É que, se o agente concorre para a existência daquele quadro ou condicionalismo exterior, está a criar condições de que não pode aproveitar-se para que possa dizer-se verificada a figura legal de continuação criminosa.
É esse o entendimento da jurisprudência dominante ao afirmar que inexiste crime continuado – mas concurso de infracções – “quando as circunstâncias exógenas ou exteriores não surgem por acaso, em termos de facilitarem ou arrastarem o agente para a reiteração da sua conduta criminosa, mas, pelo contrário, são conscientemente procuradas e criadas pelo agente para concretizar a sua intenção criminosa” (cf. Aos. STJ de 10.12.1997 in Prol. 1192/97; e de 07.03.2001 e 12.06.2002 in Boletim interno deste STJ, nºs 49 e 62, respectivamente. Da matéria de facto assente, cremos não haver dúvidas de que o arguido agiu sempre de forma homogénea e lesou sempre o mesmo bem jurídico. Só que dos factos assentes não resulta a existência de um condicionalismo exterior ao agente que facilitou a acção daquele, que facilitou a repetição da actividade criminosa e que, por isso, diminua a culpa do arguido.
Dos factos provados resulta antes que foi o arguido que criou todo um esquema, para cometer os crimes, conhecendo os meios para os levar a cabo. O arguido não se deparou com uma situação exterior que facilitou toda a sua actuação.
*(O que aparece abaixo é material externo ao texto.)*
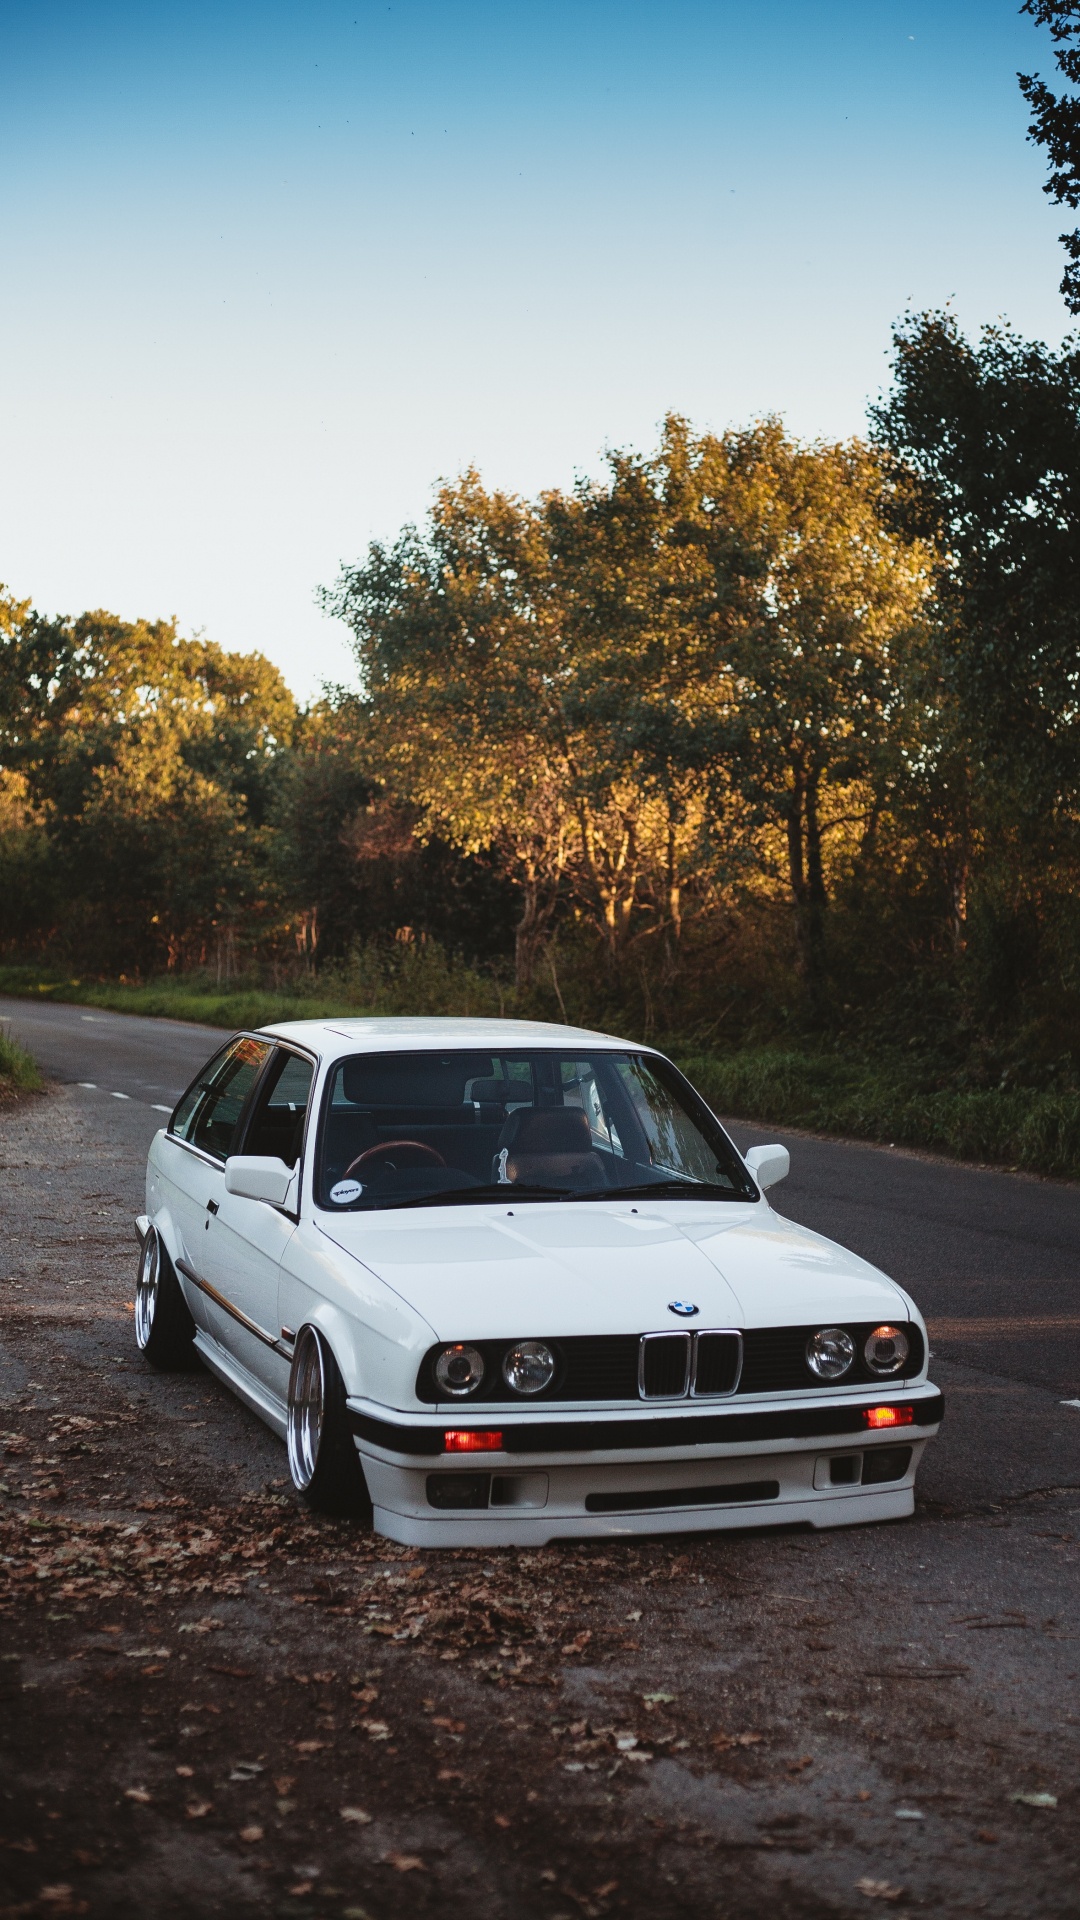 White Bmw m 3 on Road During Daytime. Wallpaper in 1080x1920 Resolution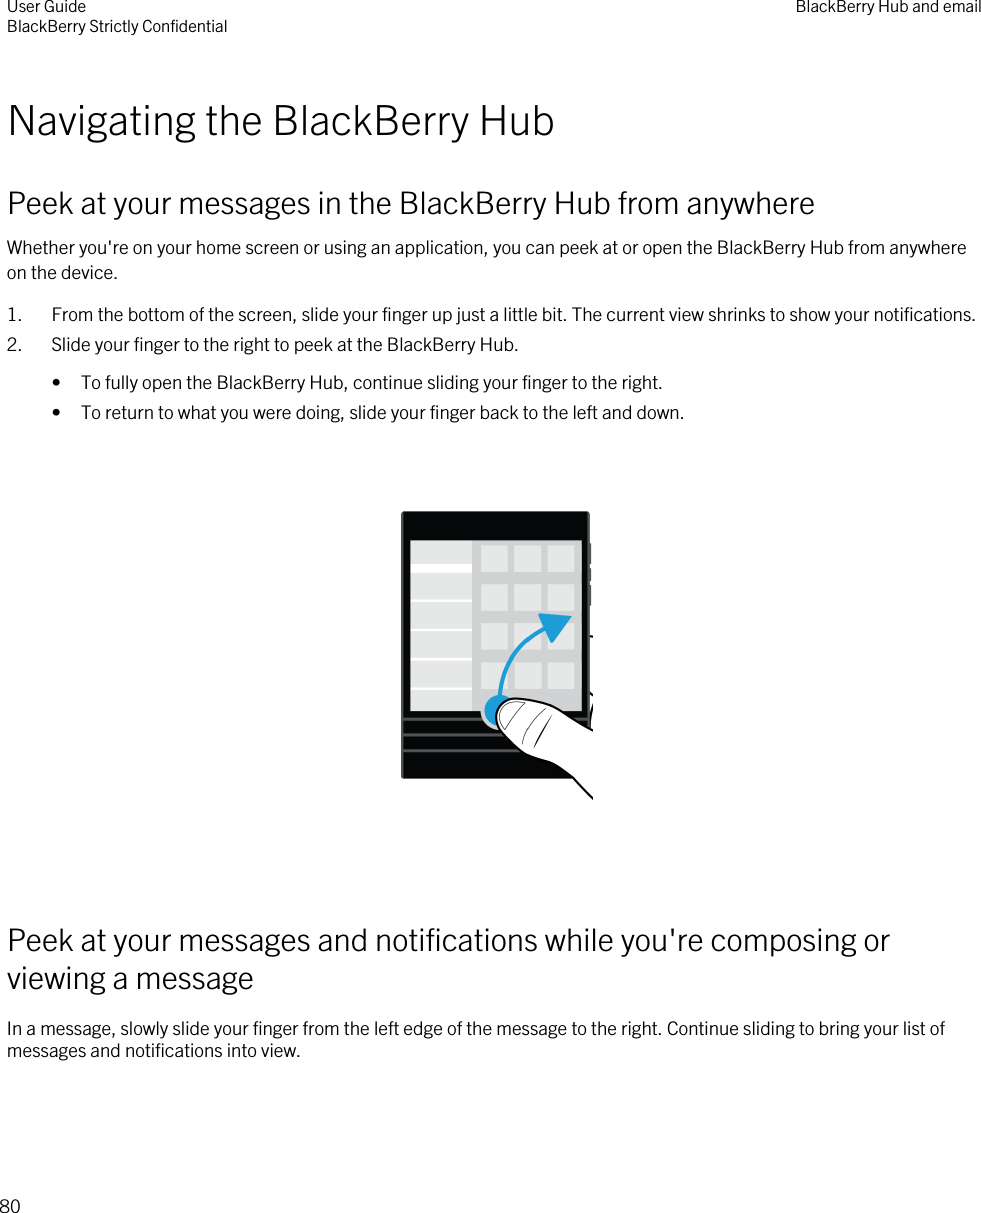 Navigating the BlackBerry HubPeek at your messages in the BlackBerry Hub from anywhereWhether you&apos;re on your home screen or using an application, you can peek at or open the BlackBerry Hub from anywhere on the device.1. From the bottom of the screen, slide your finger up just a little bit. The current view shrinks to show your notifications.2. Slide your finger to the right to peek at the BlackBerry Hub.• To fully open the BlackBerry Hub, continue sliding your finger to the right.• To return to what you were doing, slide your finger back to the left and down.  Peek at your messages and notifications while you&apos;re composing or viewing a messageIn a message, slowly slide your finger from the left edge of the message to the right. Continue sliding to bring your list of messages and notifications into view. User GuideBlackBerry Strictly Confidential BlackBerry Hub and email80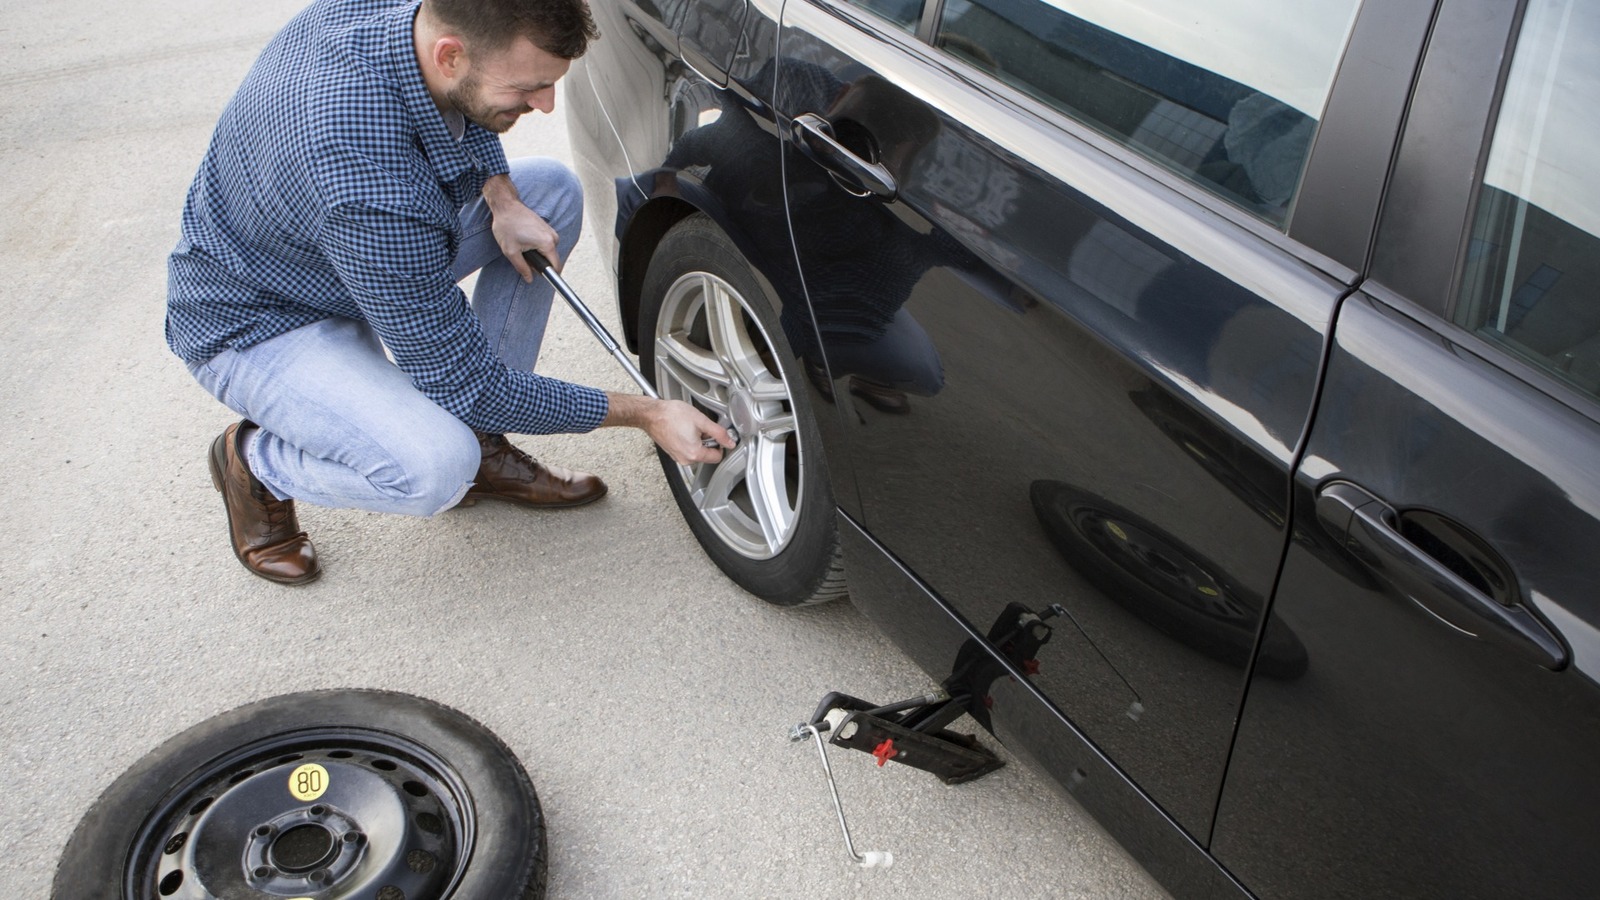 How To Fix A Flat Tire At Home, And What You'll Need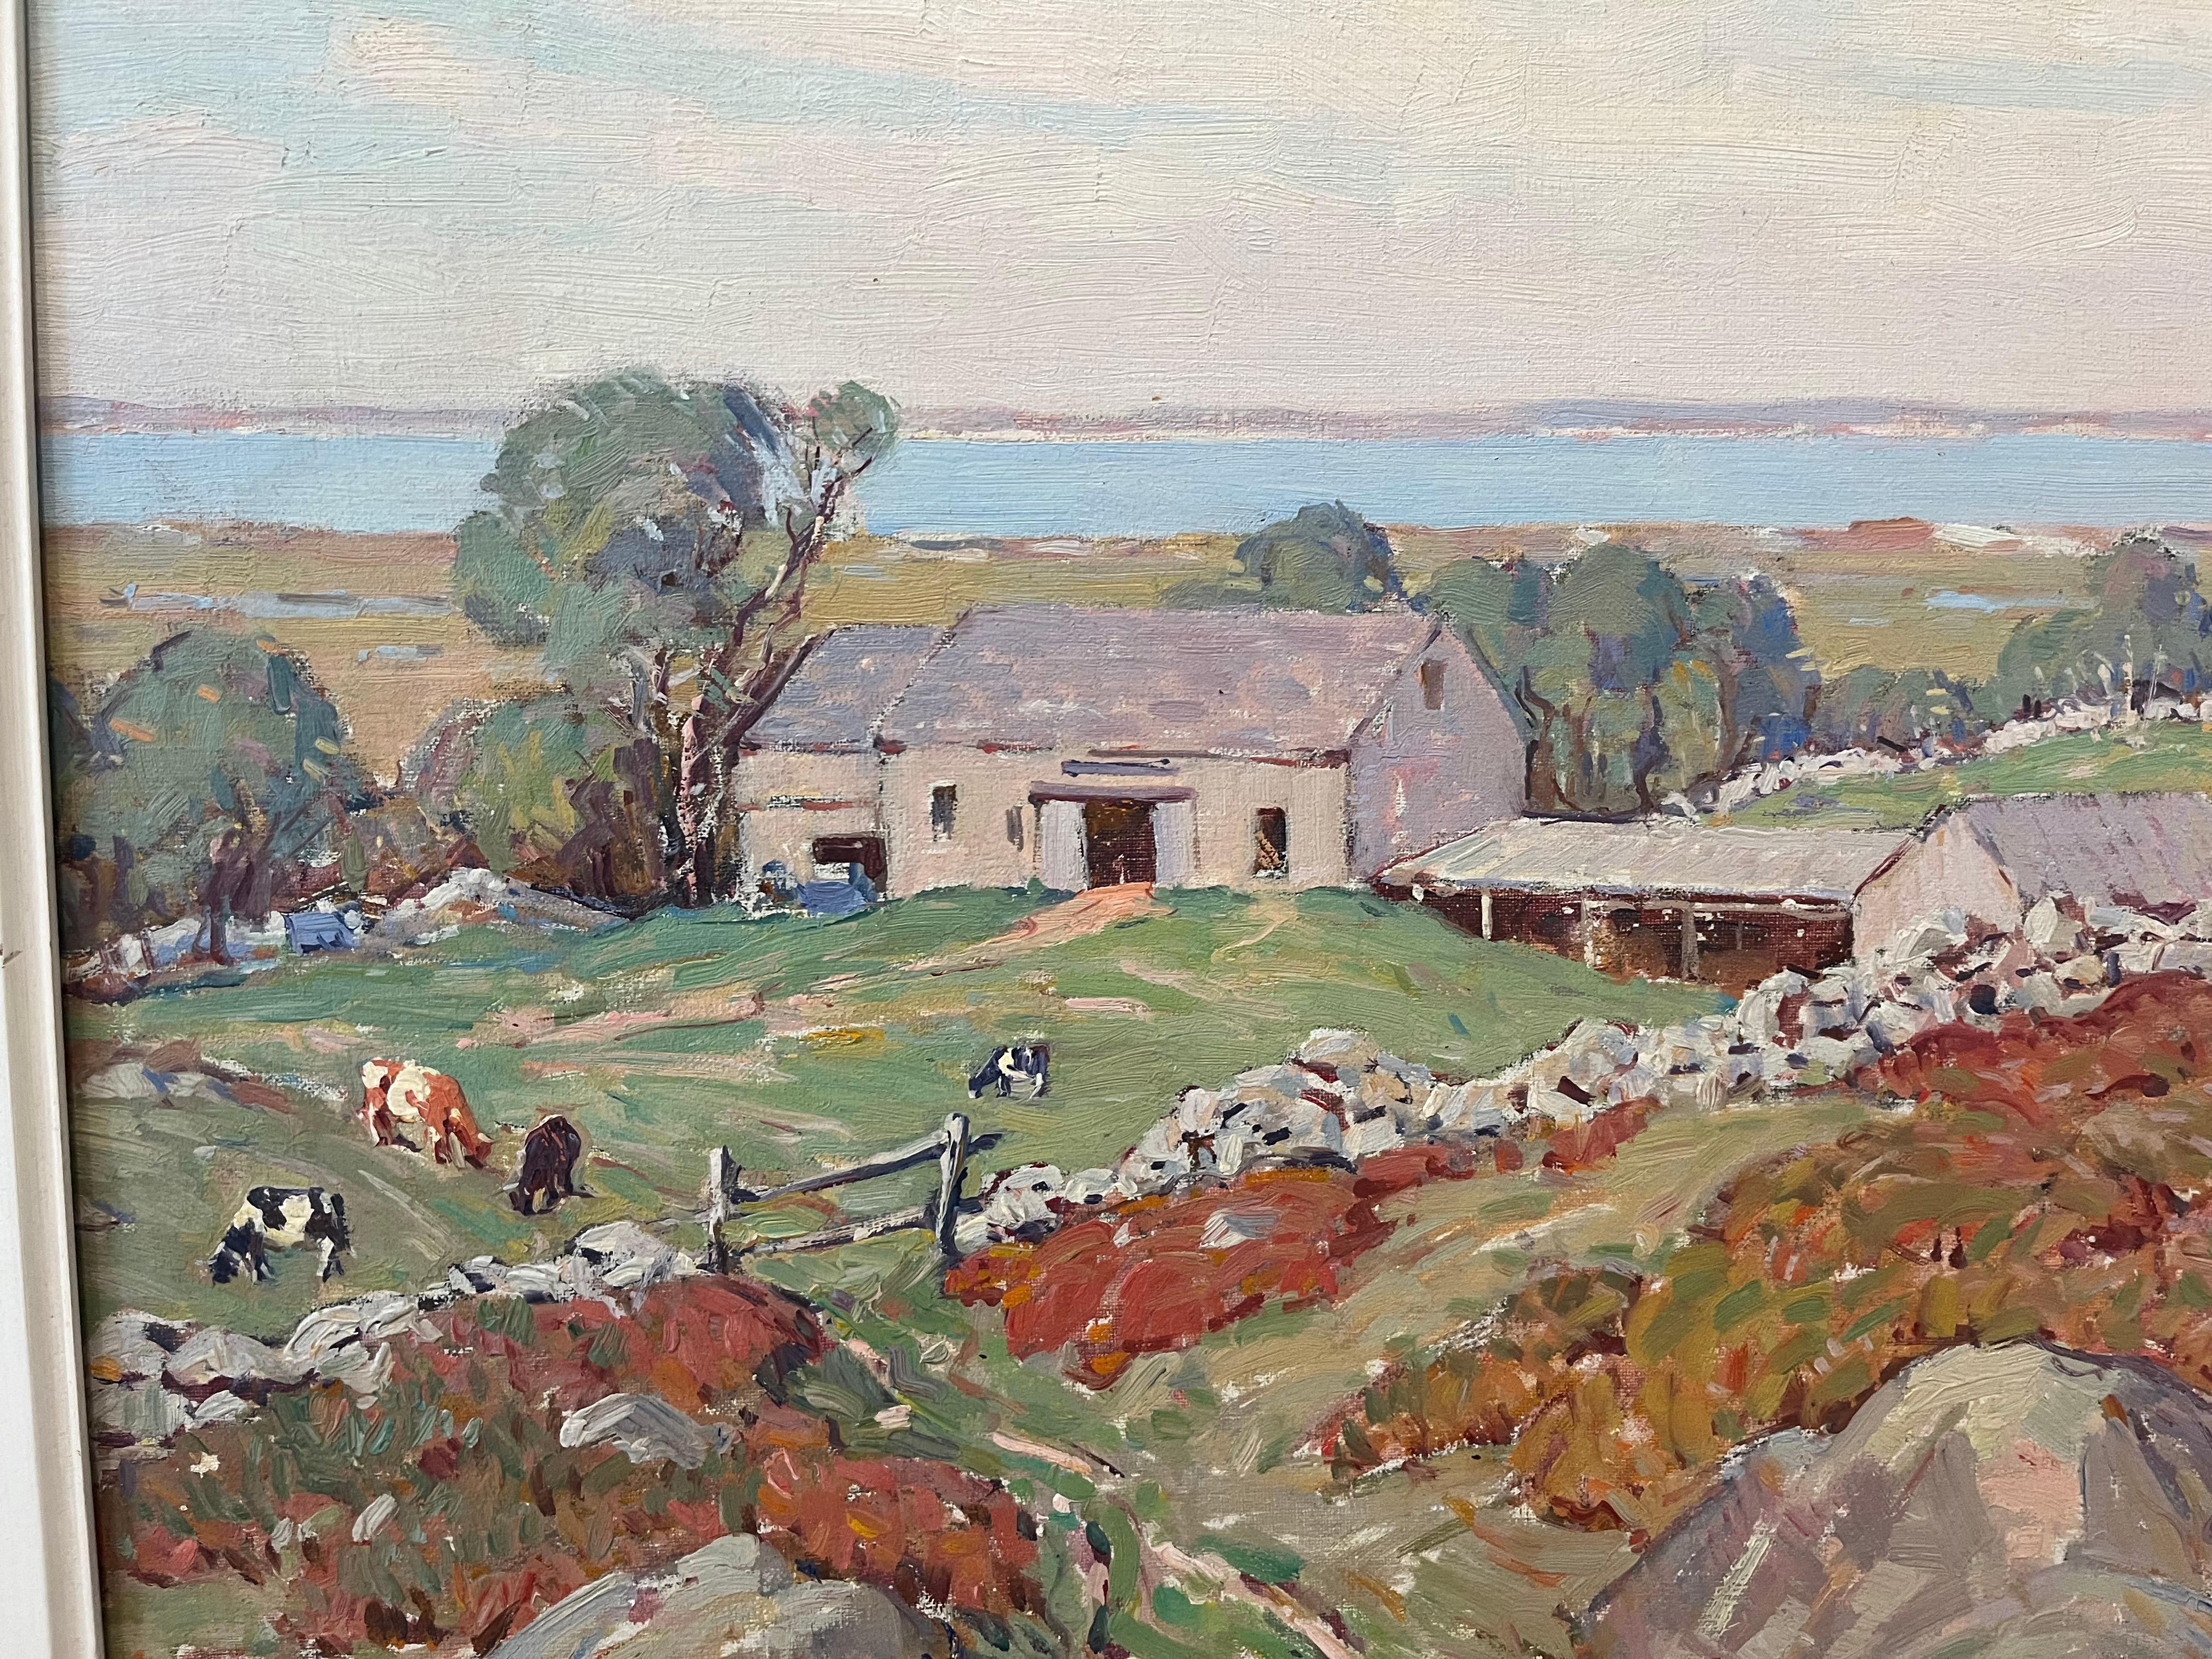 This is a beautiful Cape Cod Massachusetts spring landscape with a rural farm and water behind it was painted by American artist Aldro Thompson Hibbard (1886-1972). Hibbard was born in Falmouth, Vermont and later became one of the founders of the

Portanto, resulta da matéria de facto assente que foi sempre o próprio arguido quem criou as condições necessárias para a prática dos factos/crimes, formulando várias resoluções criminosas, agindo e concretizando-as em função de cada caso concreto, “adaptando o modos operando às circunstâncias específicas dos seus desígnios”. Aliás, dos factos apurados não resulta nenhuma circunstância exógena diminuidora da culpa do arguido.
 Em face do que se deixa dito, concluímos que no caso em análise inexiste crime continuado.


Nestes termos e pelos fundamentos expostos acordam os juízes do Tribunal da Relação de Coimbra em julgar improcedente o recurso, mantendo a decisão recorrida.


Custas pelo recorrente fixando-se a taxa de justiça em 5 UCs.